Work request.
From the material below, copy exactly the lines beginning with the one that contains "Red Wings Red" and ending with the one that contains "red mountain stable"; the pictures stay out.

(Records for the exercise)

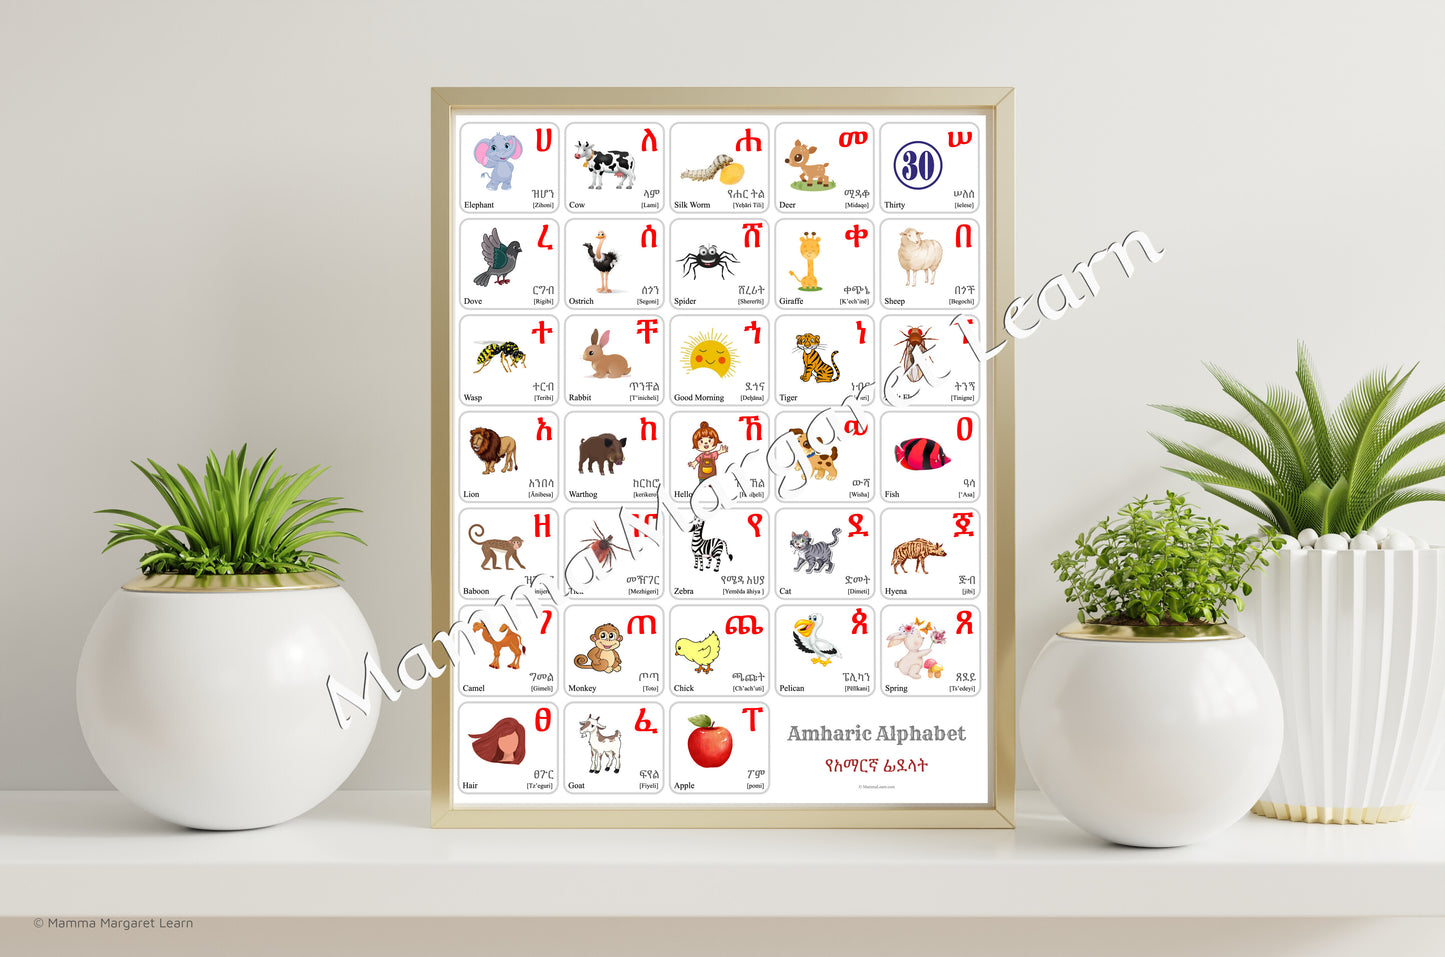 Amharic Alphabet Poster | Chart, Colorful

(End Records for the exercise)
(Records for the exercise)

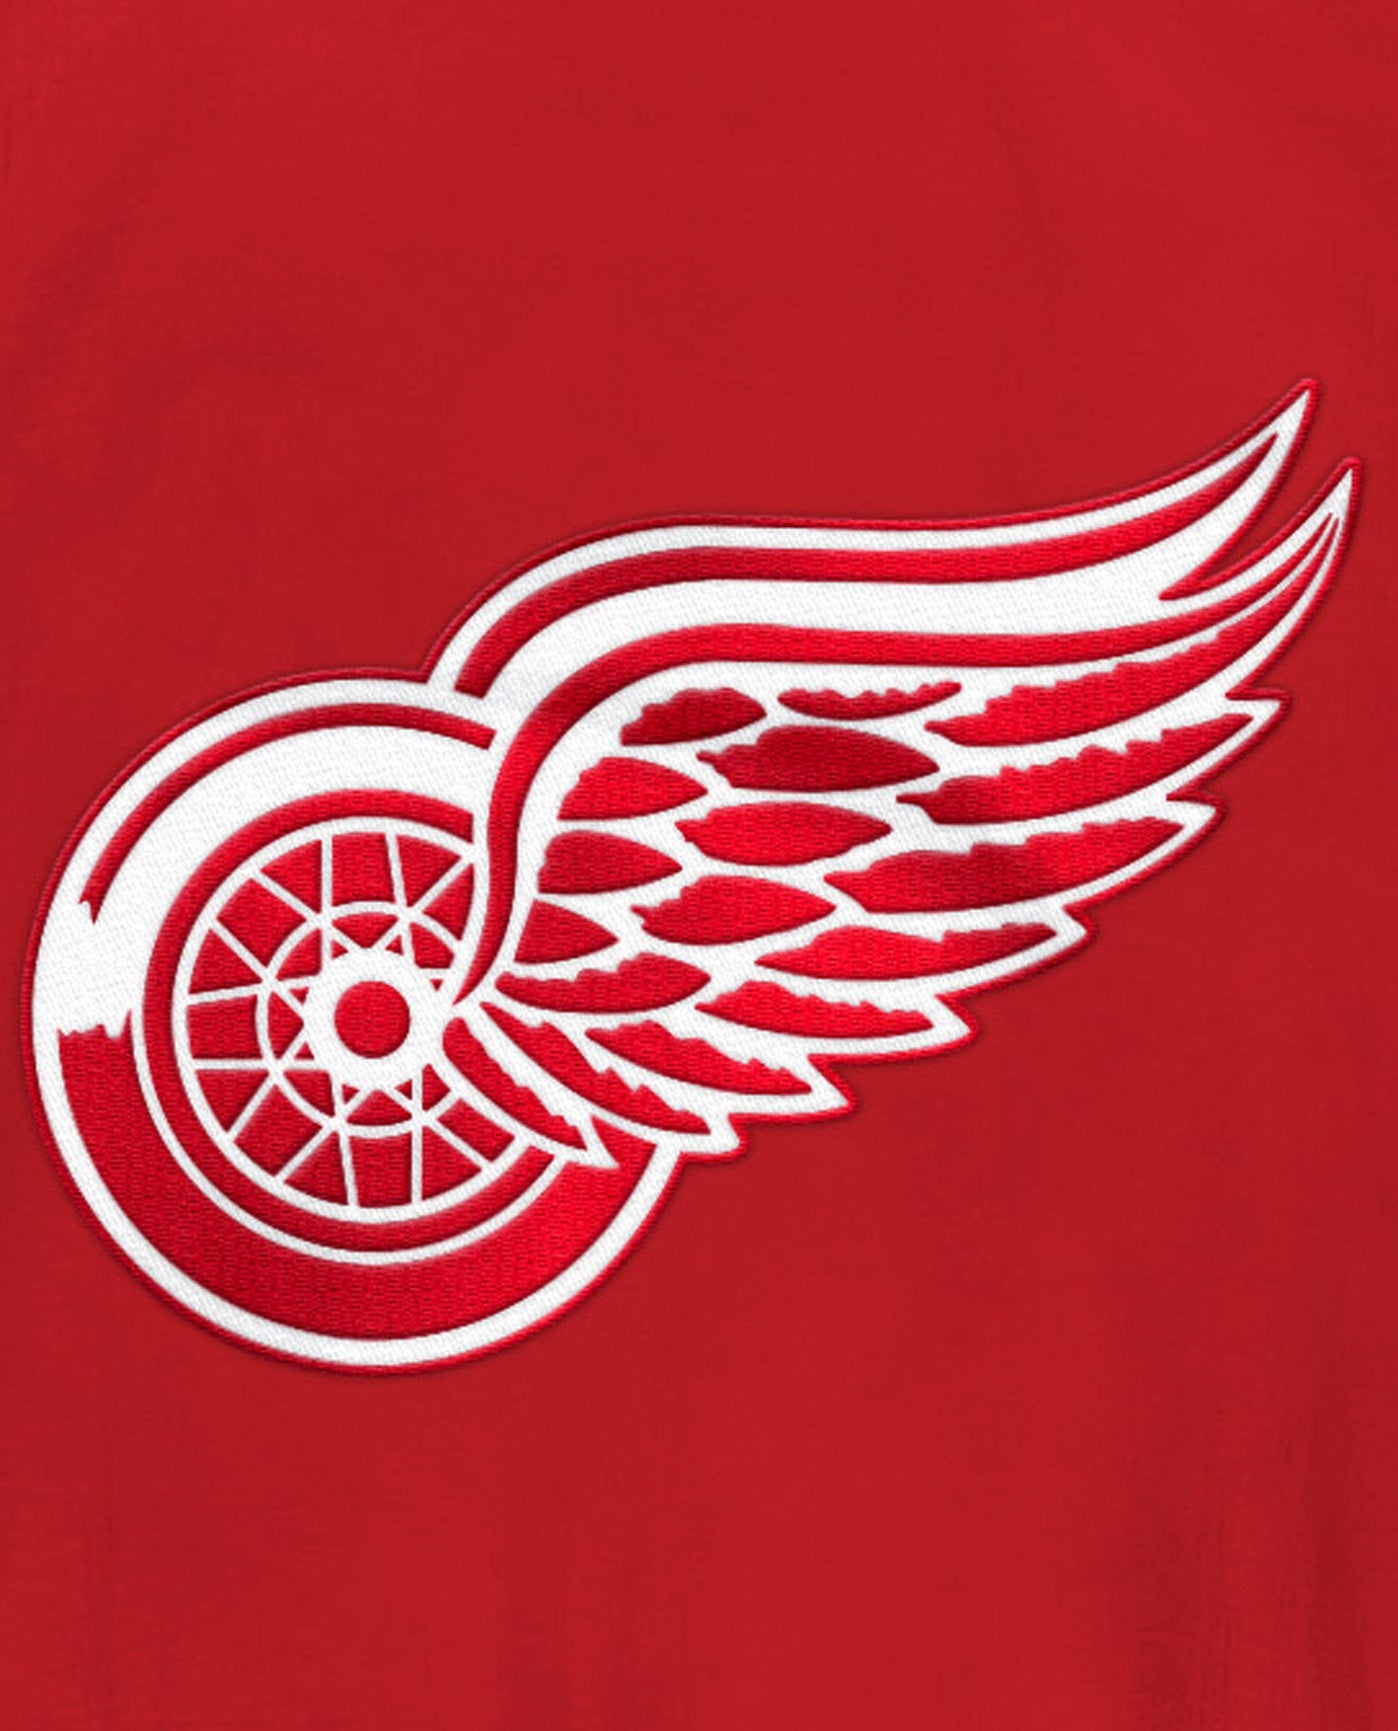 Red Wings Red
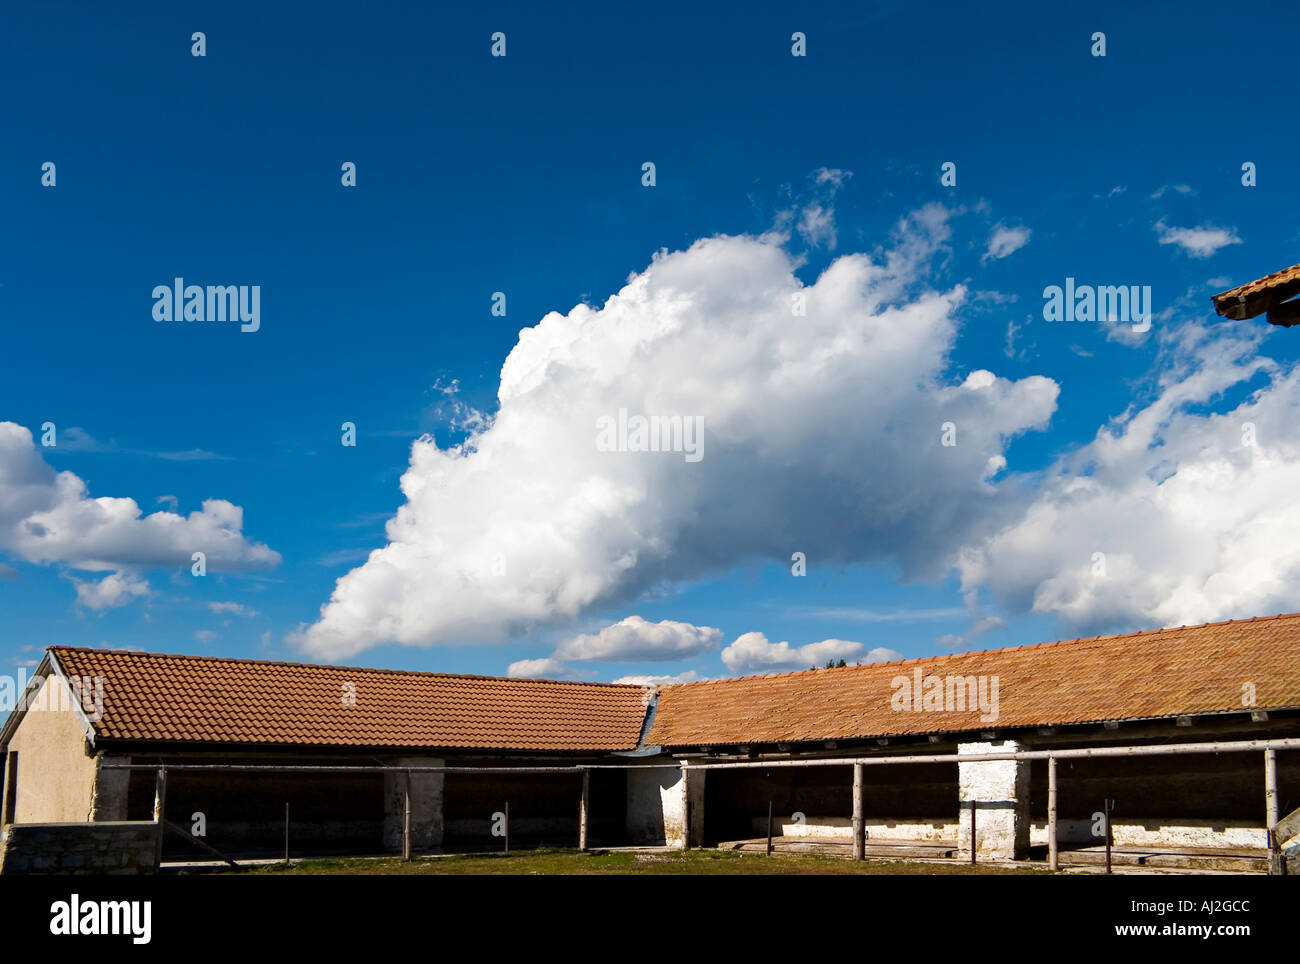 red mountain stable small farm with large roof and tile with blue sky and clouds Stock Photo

(End Records for the exercise)

Solution for this task.
 Red Wings Red
 red mountain stable small farm with large roof and tile with blue sky and clouds Stock Photo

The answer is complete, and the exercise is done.